No entanto, a sutil presença kafkiana dispersa em algumas narrativas que temperam certa dose de absurdo e um tom absolutamente corriqueiro (como em Ulisses depois da barriga e A viagem, talvez mesmo Um lugar, seus visitantes) é um presente que remete a O arquivo, de Victor Giudice e que, sem dúvida encontra em Um terno para K. uma realização superlativa:
“Merda! Merda! Merda!” As únicas palavras que ocorriam ao alfaiate por pudor não foram pronunciadas, transformaram-se num ruído que só sem pulmões se produz, um soluço, talvez uma risada nervosa; lentamente empurrou o espelho para um canto escuro, lentamente dirigiu-se para a bancada, lentamente manuseou os instrumentos do seu ofício à procura de amparo, lentamente os olhos atônitos percorreram os objetos do atelier até encontrar o cliente, quase um espectro, a cabeça inclinada para trás, o corpo completamente rijo.
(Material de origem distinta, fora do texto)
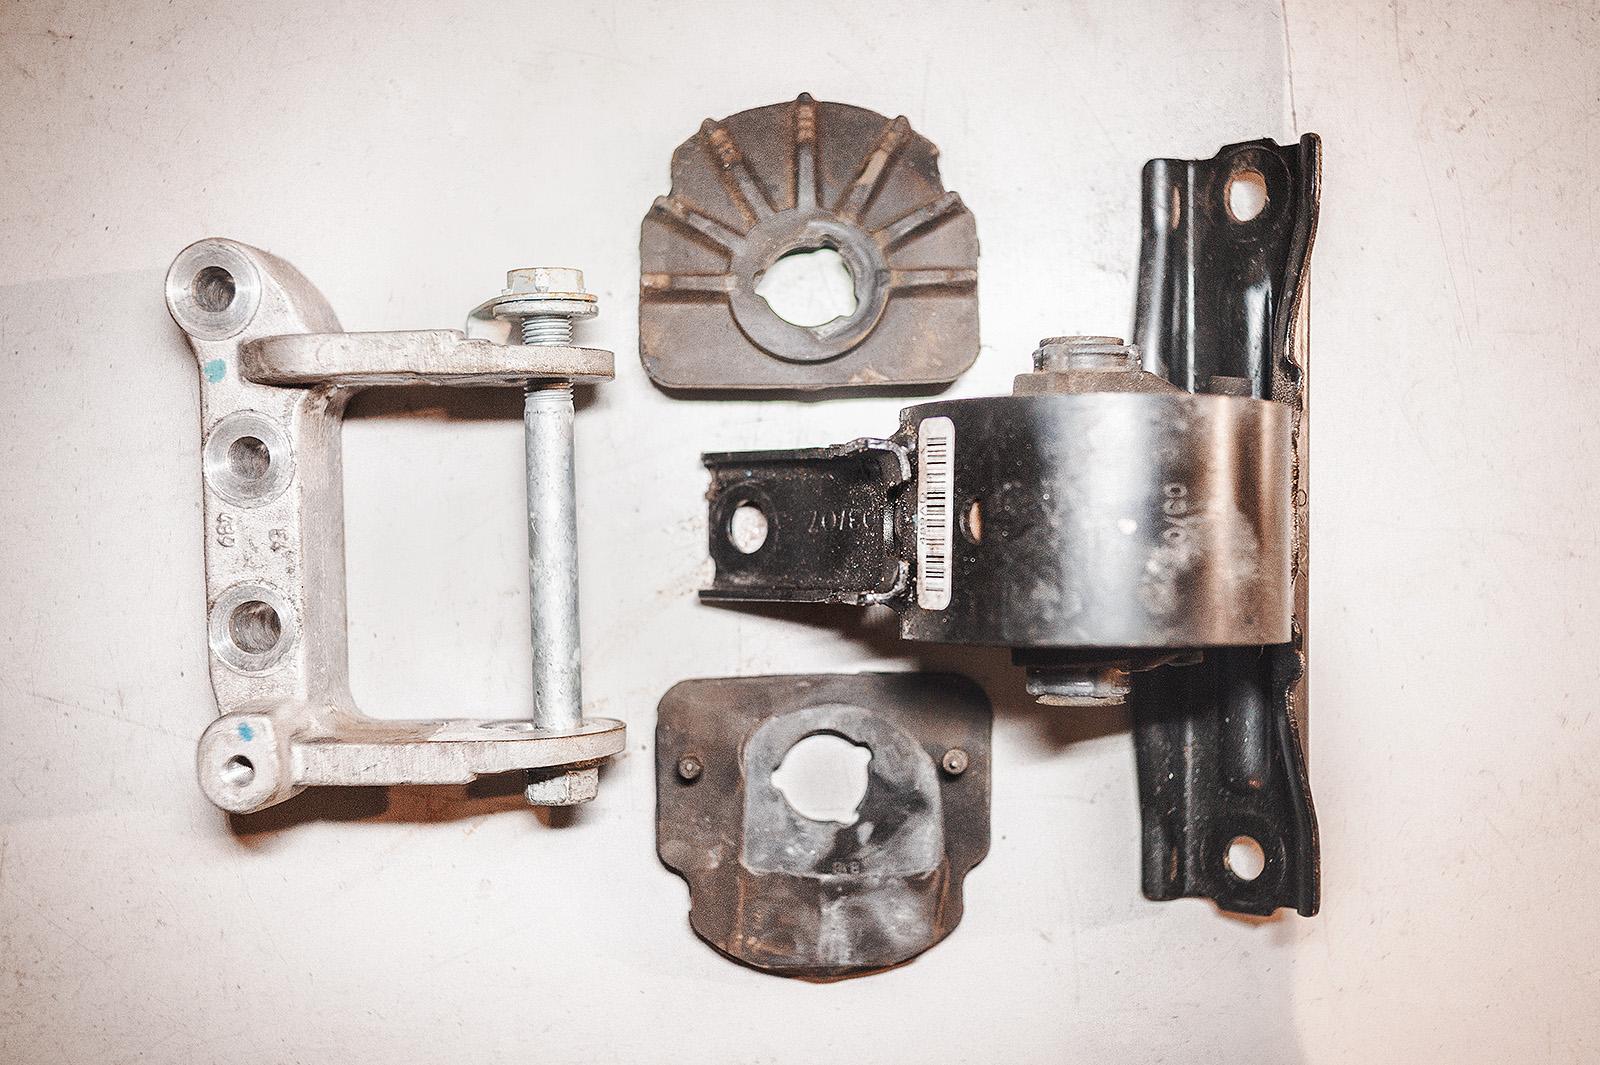 Кронштейн, боковые уплотнители и правая опора двигателя
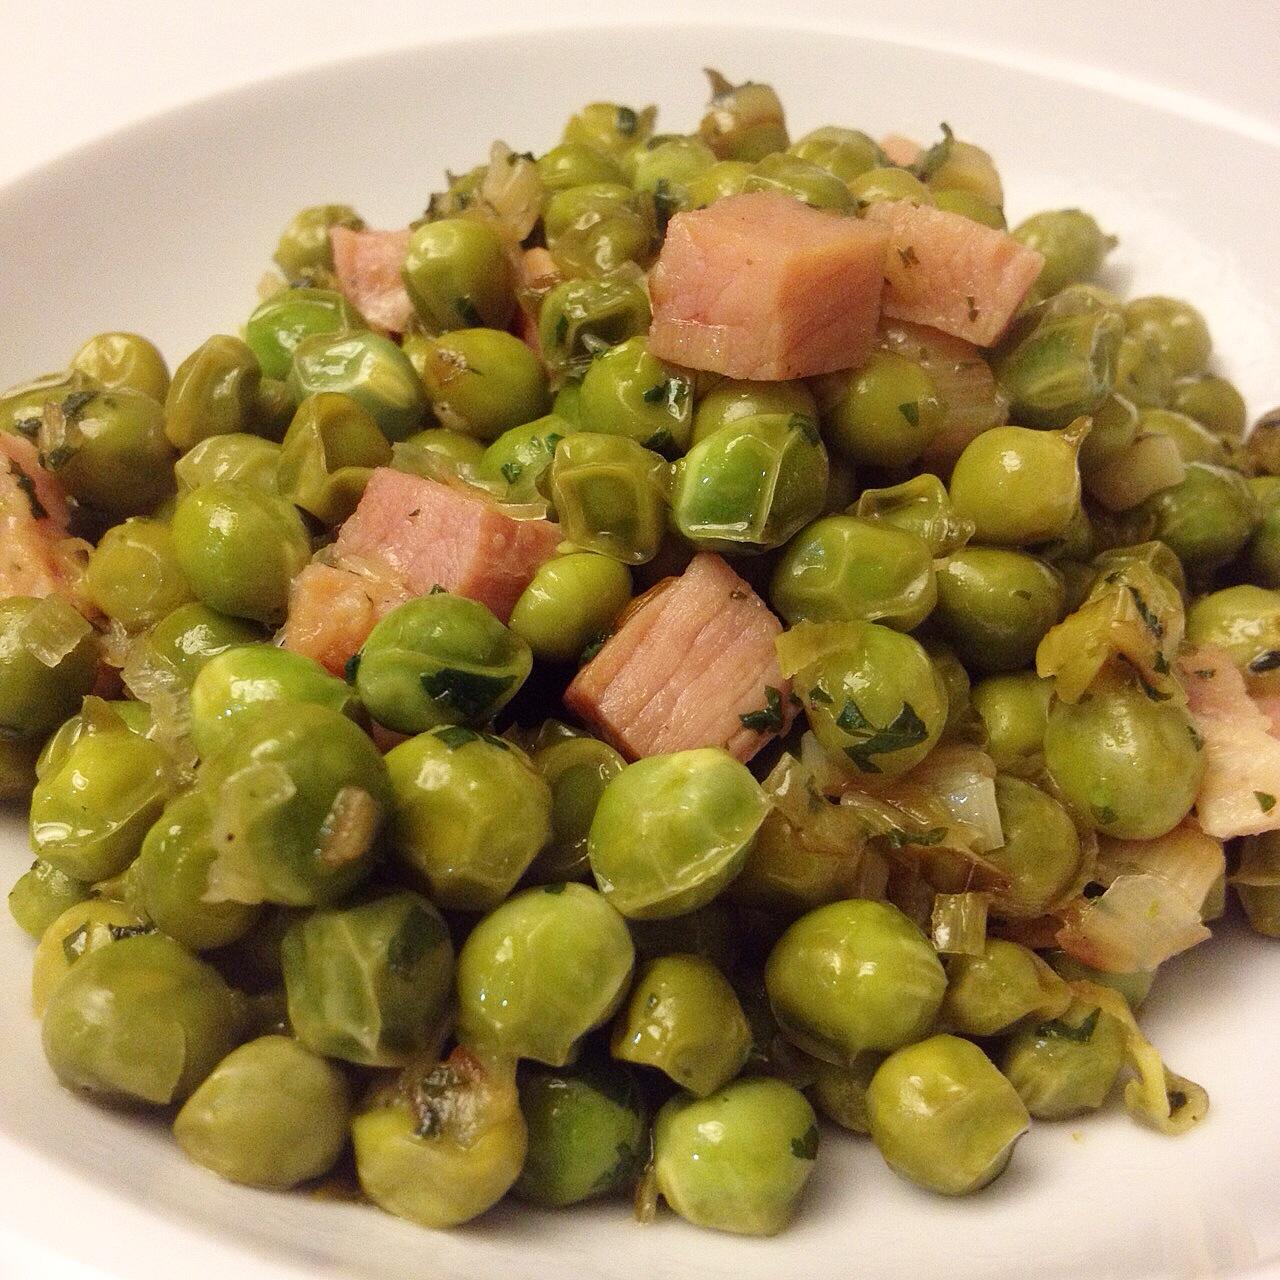 recepta-pesols-amb-pernil-dolç

O alfaiate era agora como um ator solitário que, sob a luz do proscênio, esquece o texto do monólogo — o ponto adormeceu na primeira cena do segundo ato, a platéia já demonstra certa inquietação e sequer lhe ocorre improvisar, apenas espera por um blackout ou que desça a cortina. Acta est fabula!
Há, aí, algo ainda do Guimarães Rosa de Pirlimpsiquice, mas a tradição que o conto aciona engendra uma carne textual que o leitor terá desejo de percorrer e explorar: não Frankenstein, apesar dos hibridismos. Diário mínimo, conto cujas seções inicial e final são memoráveis, aconselha uma crueldade que evoca o Arquíloco de Paros cuja grande arte repaginou-se, certa vez, em um romance de Rubem Fonseca (“Tenho uma grande arte: eu firo duramente aqueles que me ferem”).
Ao aceitar estender a todo o projeto do livro essa mesma crueldade cuja artífice é tão econômica e dura que culmina no ato simbólico do suicídio, Fiorese enunciou uma opção ousada. Diversos aspectos, no entanto, tornam verossímil a hipótese de que o tenha feito sem conhecê-la tão bem quanto sua Ana C.